| Type: | Package | 
| Title: | Create, and Refine Data Nuggets | 
| Version: | 1.3.1 | 
| Date: | 2024-09-14 | 
| Author: | Yajie Duan [cre, ctb], Traymon Beavers [aut], Javier Cabrera [aut], Ge Cheng [aut], Kunting Qi [aut], Mariusz Lubomirski [aut] | 
| Maintainer: | Yajie Duan <yajieritaduan@gmail.com> | 
| Description: | Creating, and refining data nuggets. Data nuggets reduce a large dataset into a small collection of nuggets of data, each containing a center (location), weight (importance), and scale (variability) parameter. Data nugget centers are created by choosing observations in the dataset which are as equally spaced apart as possible. Data nugget weights are created by counting the number observations closest to a given data nugget center.
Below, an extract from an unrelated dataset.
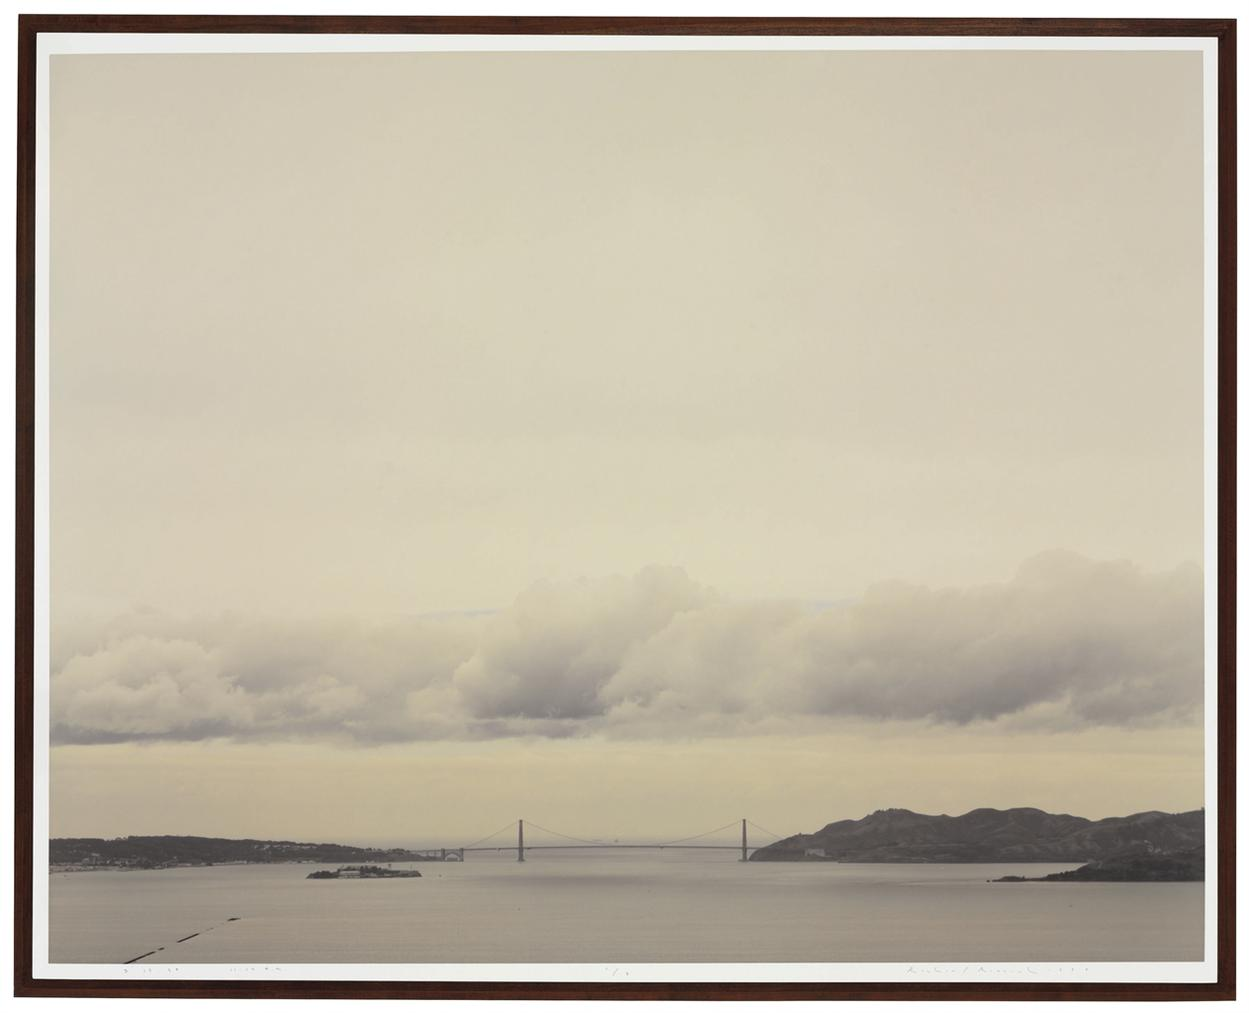 Richard Misrach-Golden Gate Bridge, 3.19.99, 11:14 A.M.-1999

We then say the data nugget 'contains' these observations and the data nugget center is recalculated as the mean of these observations. Data nugget scales are created by calculating the trace of the covariance matrix of the observations contained within a data nugget divided by the dimension of the dataset. Data nuggets are refined by 'splitting' data nuggets which have scales or shapes (defined as the ratio of the two largest eigenvalues of the covariance matrix of the observations contained within the data nugget) Reference paper: [1] Beavers, T. E., Cheng, G., Duan, Y., Cabrera, J., Lubomirski, M., Amaratunga, D., & Teigler, J. E. (2024). Data Nuggets: A Method for Reducing Big Data While Preserving Data Structure. Journal of Computational and Graphical Statistics, 1-21. [2] Cherasia, K. E., Cabrera, J., Fernholz, L. T., & Fernholz, R. (2022). Data Nuggets in Supervised Learning. \emph{In Robust and Multivariate Statistical Methods: Festschrift in Honor of David E. Tyler} (pp. 429-449). Cham: Springer International Publishing. | 
| Depends: | R (≥ 4.0), doSNOW (≥ 1.0.16), foreach (≥ 1.5.1), parallel (≥ 4.0.5),Rfast(≥ 2.0.7) | 
| License: | GPL-2 | 
| Encoding: | UTF-8 | 
| NeedsCompilation: | no | 
| Packaged: | 2024-09-14 16:02:15 UTC; Yajie Duan | 
| Repository: | CRAN | 
| Date/Publication: | 2024-09-14 16:30:02 UTC | 
Data Nuggets
Description
This package contains functions to create and refine data nuggets which serve as representative samples of large datasets. The functions which perform these processes are create.DN, refine.DN, and AC, respectively.
Author(s)
Traymon Beavers, Javier Cabrera, Mariusz Lubomirski
References
Beavers, T. E., Cheng, G., Duan, Y., Cabrera, J., Lubomirski, M., Amaratunga, D., & Teigler, J. E. (2024). Data Nuggets: A Method for Reducing Big Data While Preserving Data Structure. Journal of Computational and Graphical Statistics, 1-21.
Cherasia, K. E., Cabrera, J., Fernholz, L. T., & Fernholz, R. (2022). Data Nuggets in Supervised Learning. In Robust and Multivariate Statistical Methods: Festschrift in Honor of David E. Tyler (pp. 429-449). Cham: Springer International Publishing.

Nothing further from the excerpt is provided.